Delete Middle Of Stack

#include <bits/stdc++.h> // Standard headers (iostream, stack)
using namespace std;     // Standard namespace


// Recursive function to delete the middle element of a stack
// st: The stack
// count: Current depth from the top (0 for top, 1 for element below top, etc.)
// size: Original total size of the stack
void deleteMiddle(stack<int> &st, int count, int size) {
    // Base Case: If count reaches the middle index
    if(count == size/2) { // For size=6, size/2=3. This is the 4th element from bottom (index 3).
        st.pop();     // Remove the middle element
        return;       // Stop recursion for this branch
    }


    // Step 1: Store the top element
    int top = st.top();
    st.pop(); // Remove the top element


    // Step 2: Recursive call for the rest of the stack
    deleteMiddle(st, count + 1, size); // Go deeper into the stack


    // Step 3: Backtrack - push stored element back after middle is handled
    st.push(top);
}


int main() {
    stack<int> st; // Create a stack


    // Push elements onto the stack (6 elements)
    st.push(5); // Bottom
    st.push(5);
    st.push(5);
    st.push(5); // Middle element for size=6 (if counting from 0 at bottom)
    st.push(5);
    st.push(5); // Top


    int count = 0;   // Initialize count for recursion
    int n = st.size(); // Get original stack size


    cout << "Size of stack : " << st.size() << endl; // Print original size (6)
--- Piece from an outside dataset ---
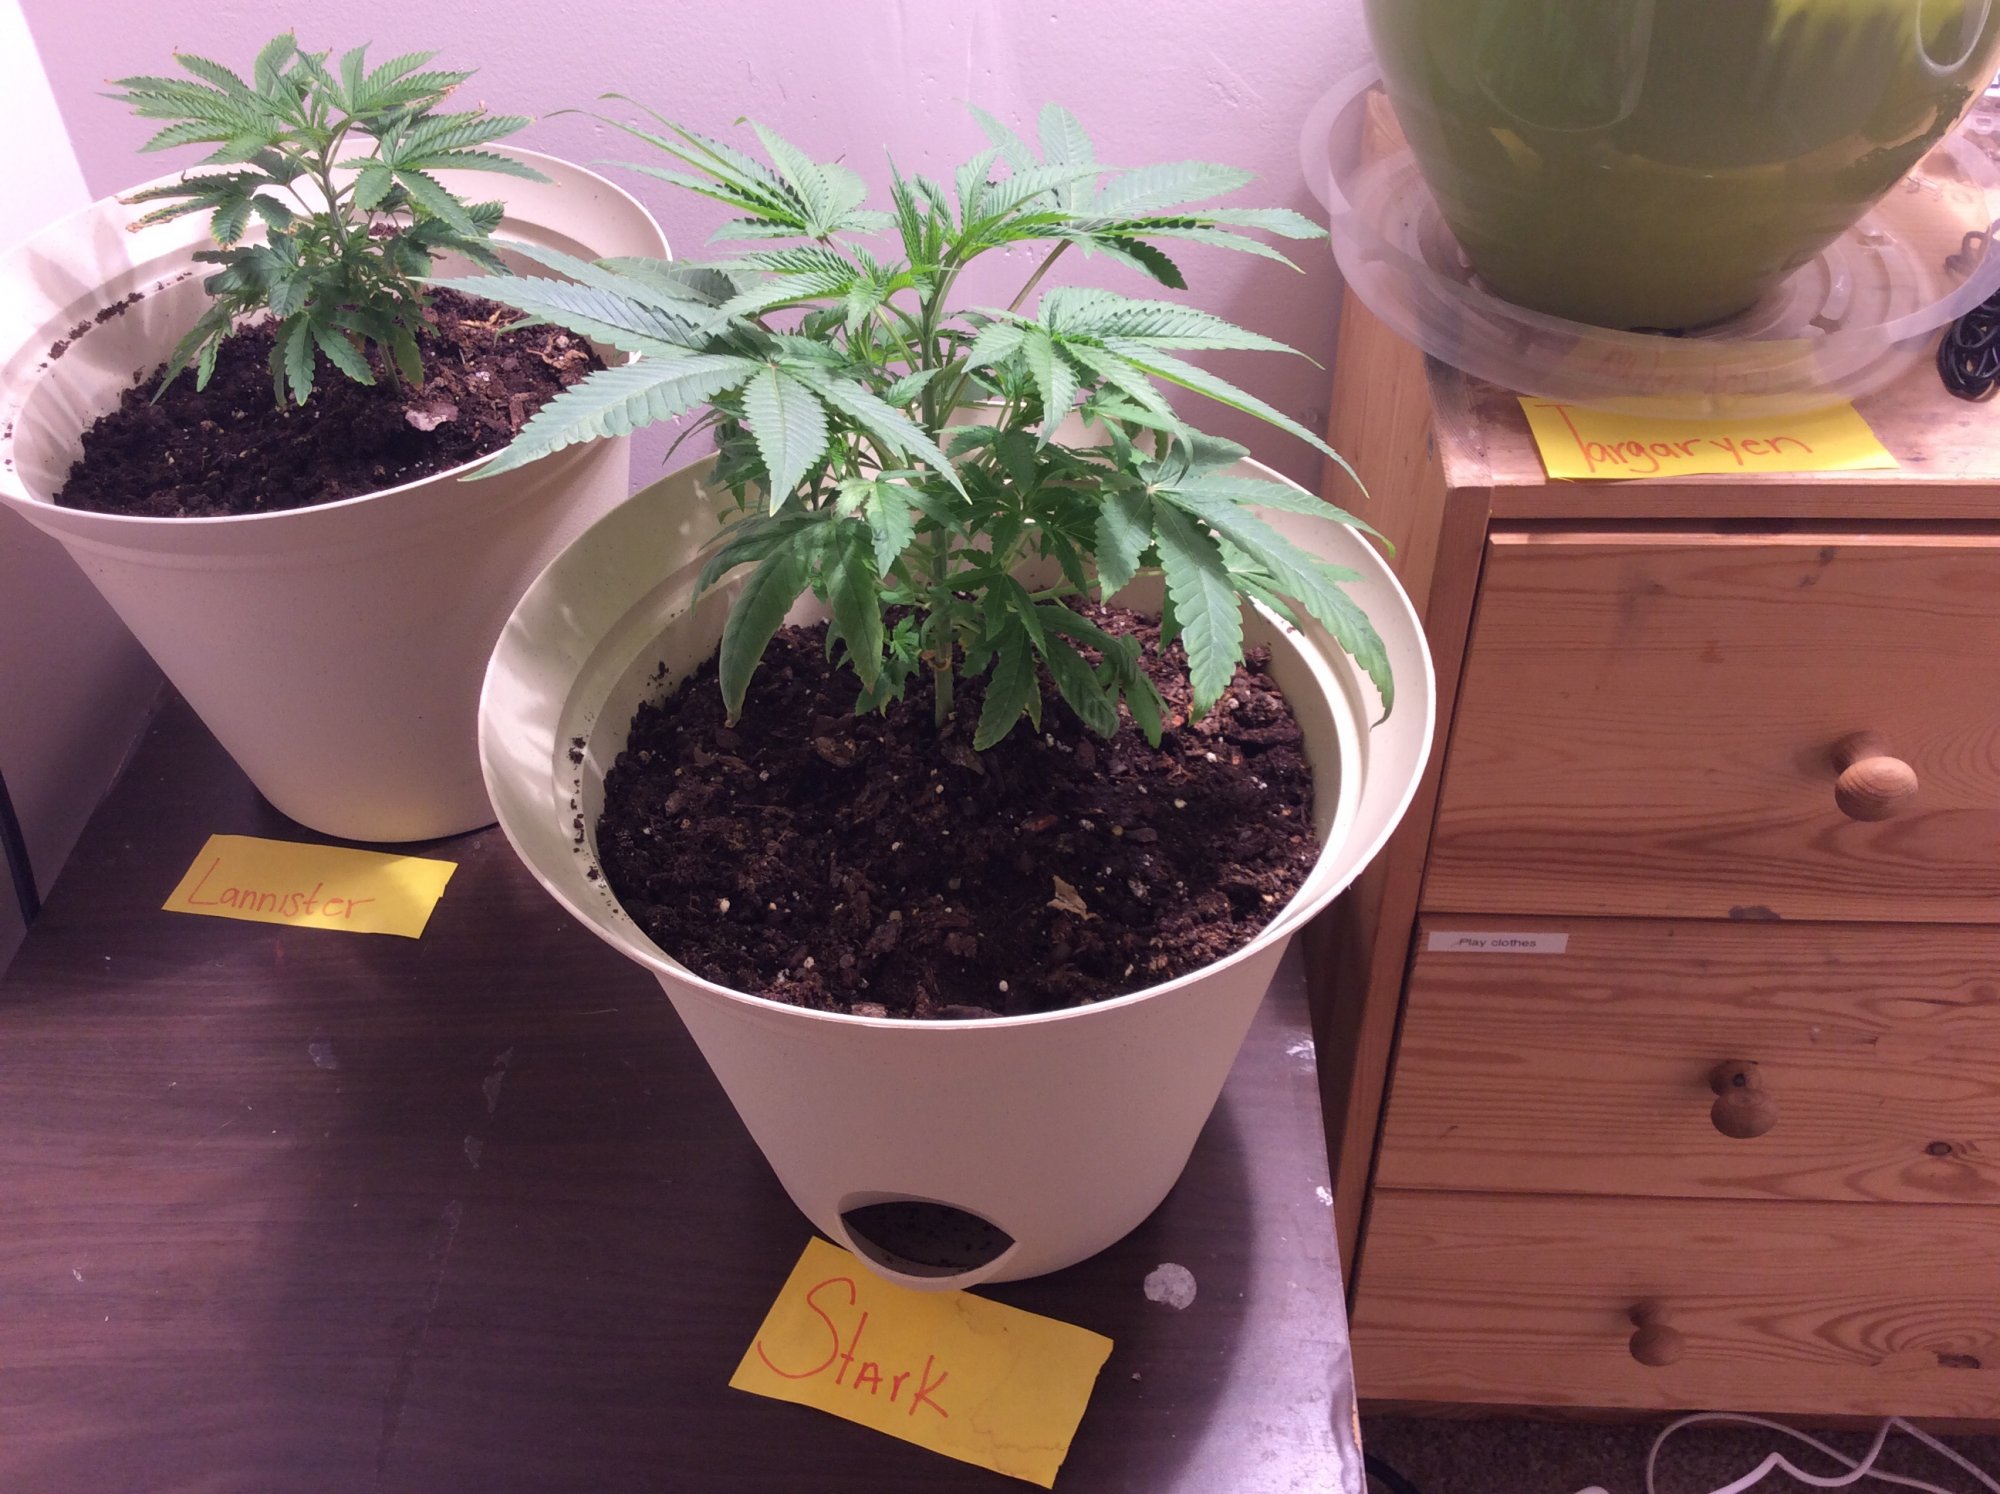 First time grower looking for some help
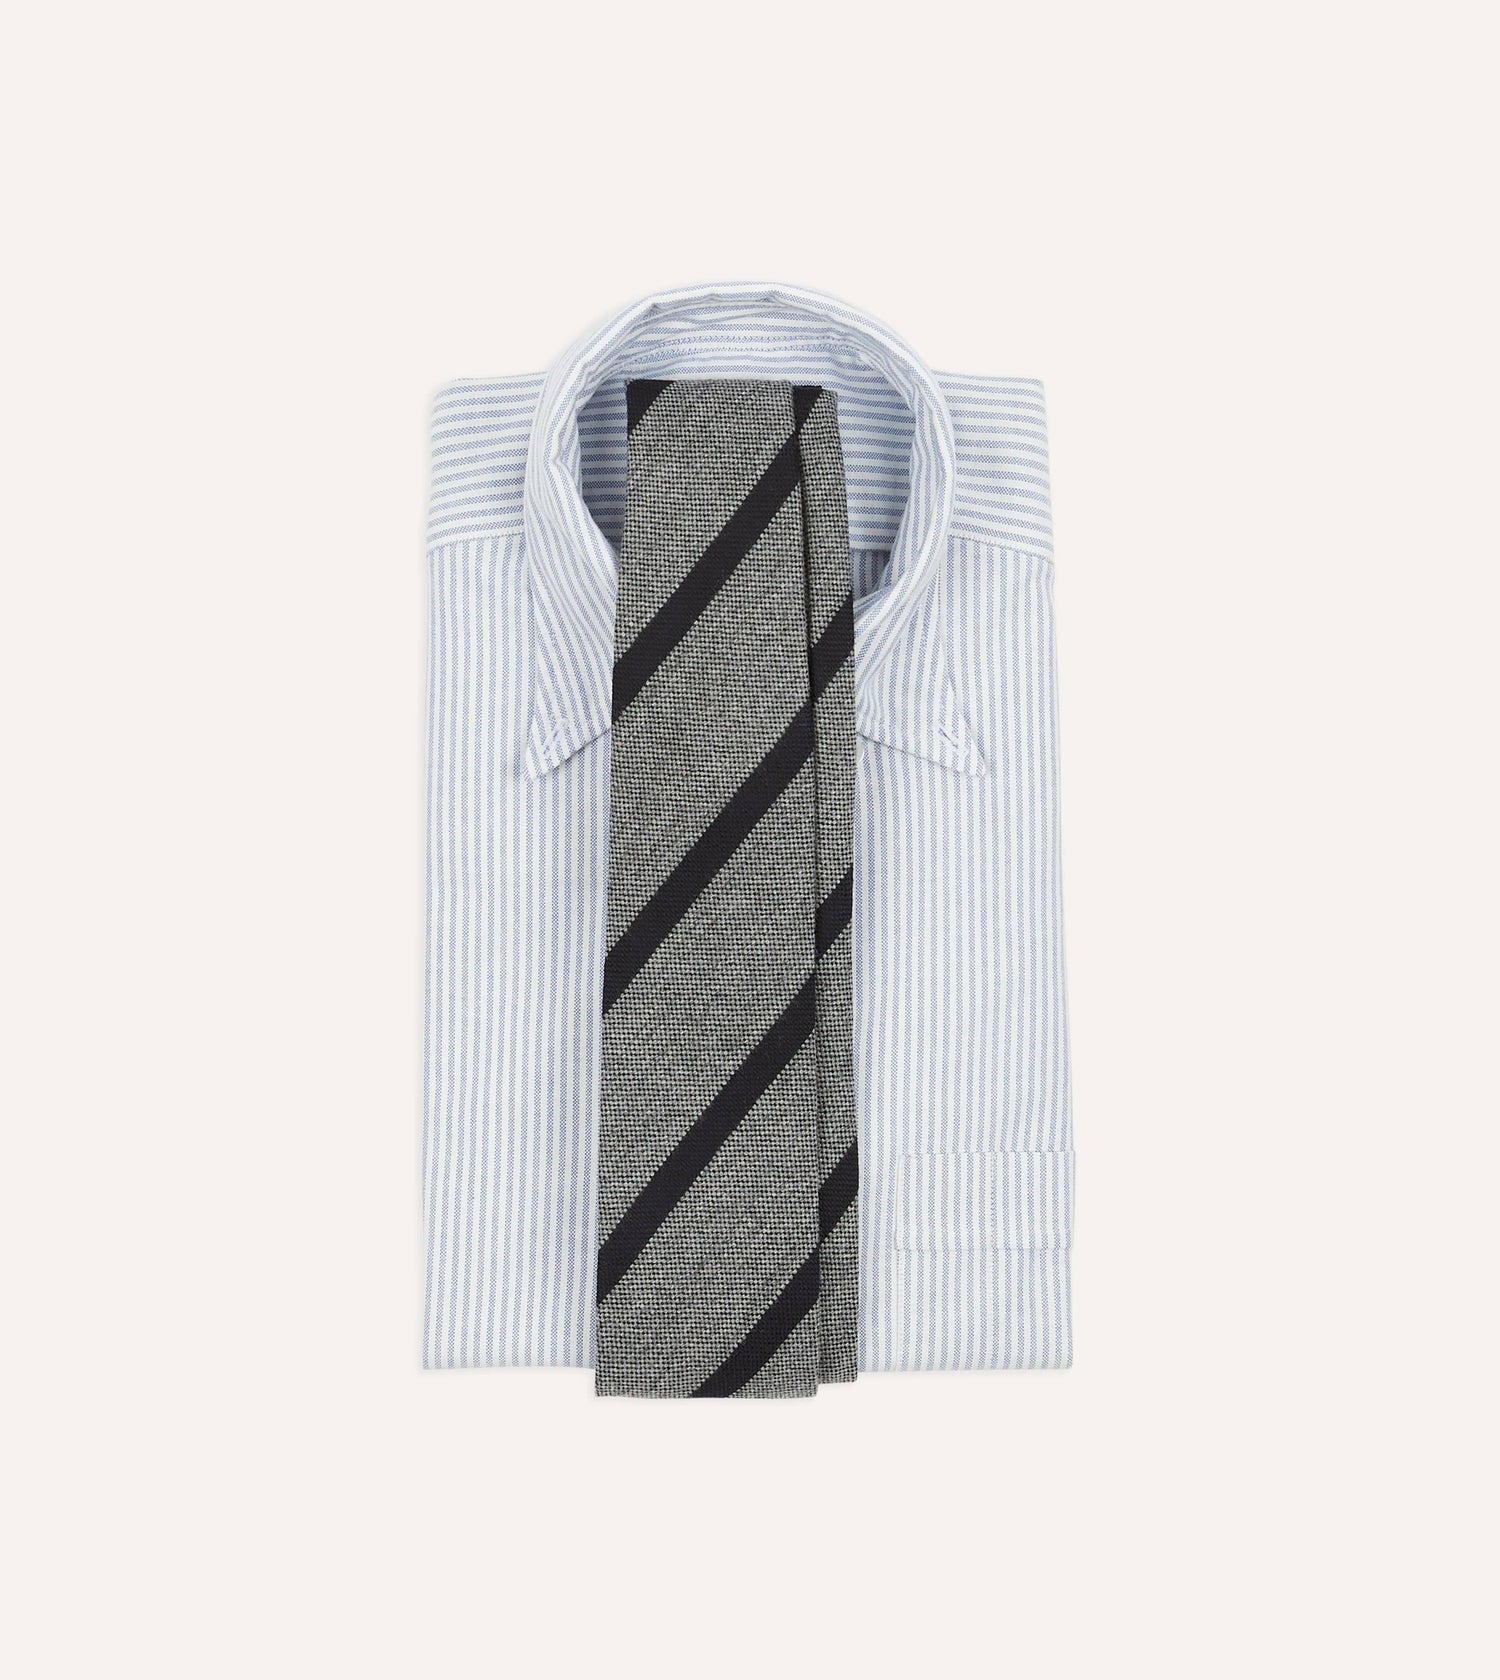 Grey and Black Double Stripe Hand Rolled Wool Tie

    deleteMiddle(st, count, n); // Call the function to delete the middle element


    cout << "Size of stack : " << st.size() << endl; // Print new size (5)


    // Optional: Print stack elements to verify (will show 5 elements)
    // while(!st.empty()) {
    //     cout << st.top() << " ";
    //     st.pop();
    // }
    // cout << endl;


    return 0; // End program
}

Core Idea

  • Recursion for Access: Since stacks only allow access to the top, recursion is used to temporarily “empty” the stack until the middle element is reached.
  • Middle Calculation: For a stack of size N, the middle element is at N/2 (0-indexed if counting from bottom) or (N-1)/2 (0-indexed if counting from top). The code uses size/2 as the target count (0-indexed from the current top being count=0).
  • Backtracking: After the middle is handled, elements are pushed back onto the stack in their original order.

How it Works

  1. Base Case: If the count reaches size/2, the current st.top() is the middle element. Pop it and return.
  2. Recursive Step:
    • Store the current st.top().
    • pop() the current top.
    • Make a recursive call, incrementing count.
    • After the recursive call returns (meaning the middle was handled), push() the stored element back.